All You Need to Know About Acne - Featured Image

Any teenager with acne will find it their worst nightmare—irritated, itchy cysts, spots that catch one’s eye. 

But acne is not a condition that changes with age. Acne affects millions of individuals today, regardless of gender or age. As we are aware, treating acne can be a tediously slow process.

Fortunately, knowing what kind of acne you could have, we can help with the steps toward having clear, healthy skin.
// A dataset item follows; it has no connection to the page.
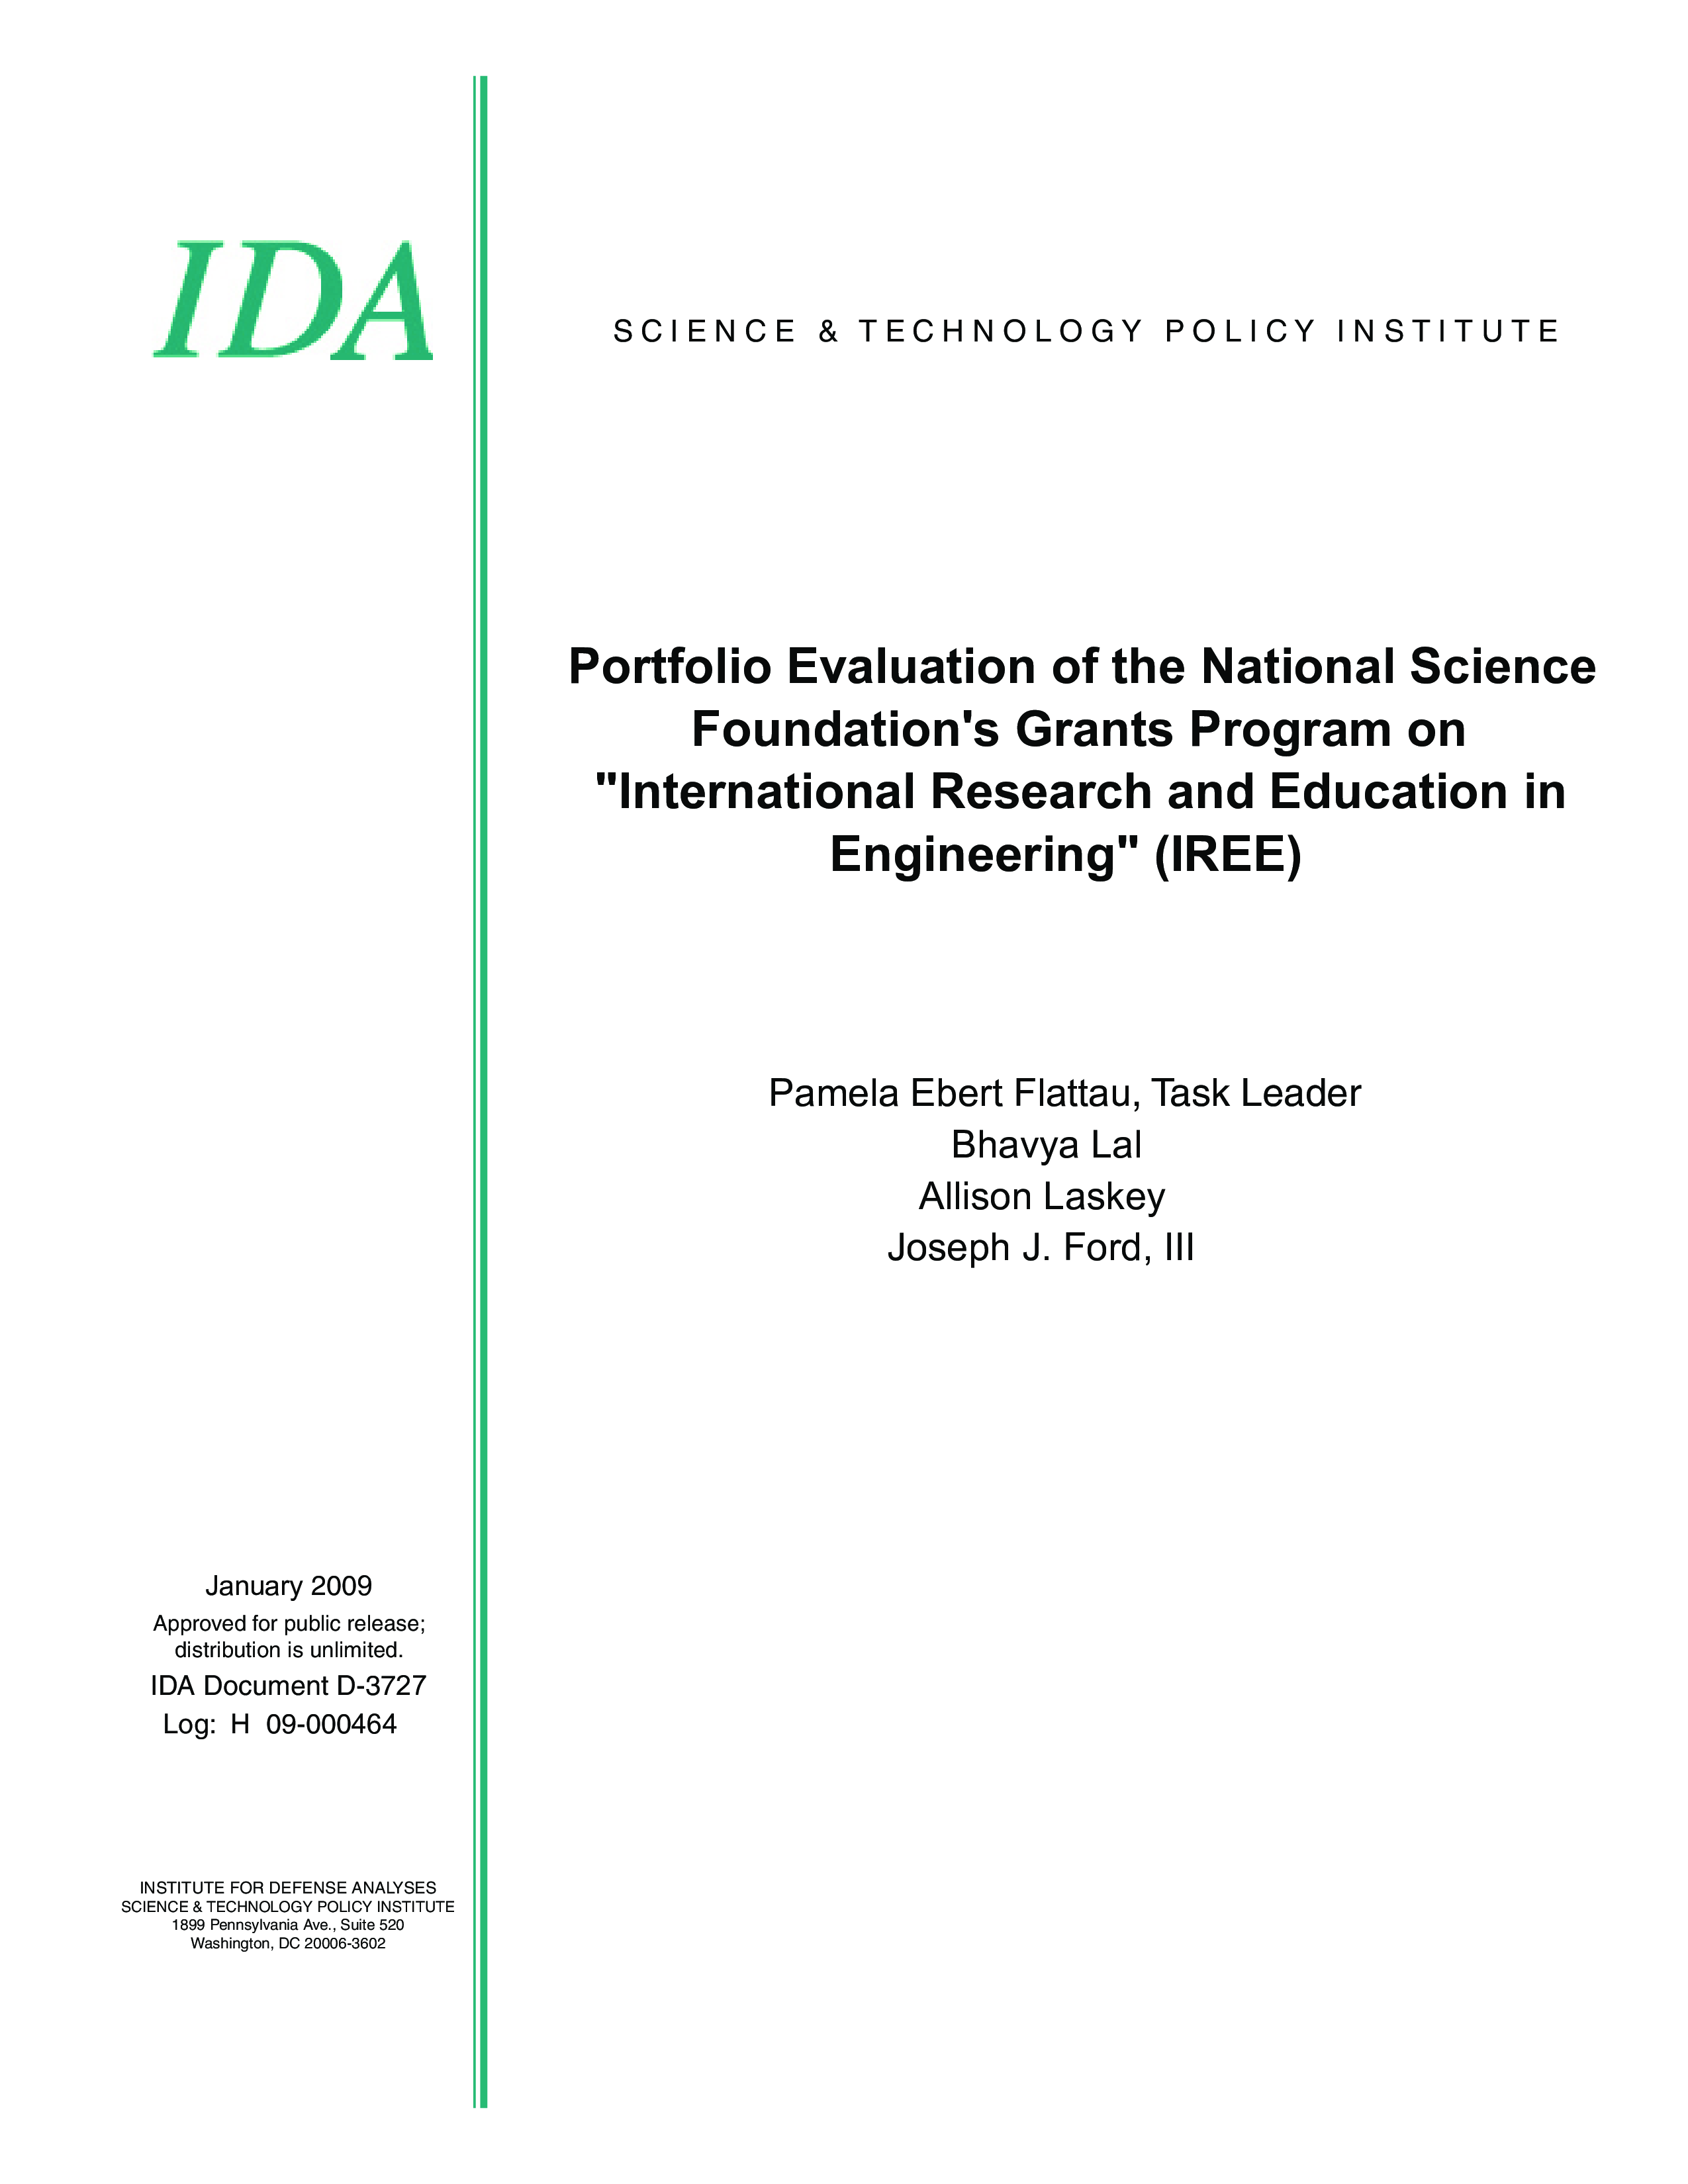 Portfolio Evaluation of the National Science Foundation

Here is all the information you need to know about acne, its causes, and the treatments that are accessible to you.

What Is Acne?

Spots on the face, neck, back, or chest are signs of the prevalent skin disorder acne – Whiteheads, blackheads, or inflammatory, pus-filled pimples can be the lesions. Acne that lasts over the age of 18 to 20 or begins in the early twenties is known as adult acne, often known as hormonal acne.

Acne, sometimes called acne vulgaris, is a common skin disorder that results in persistent pimple outbreaks. Other names for these zits include cysts, pustules, cystic acne, and whiteheads.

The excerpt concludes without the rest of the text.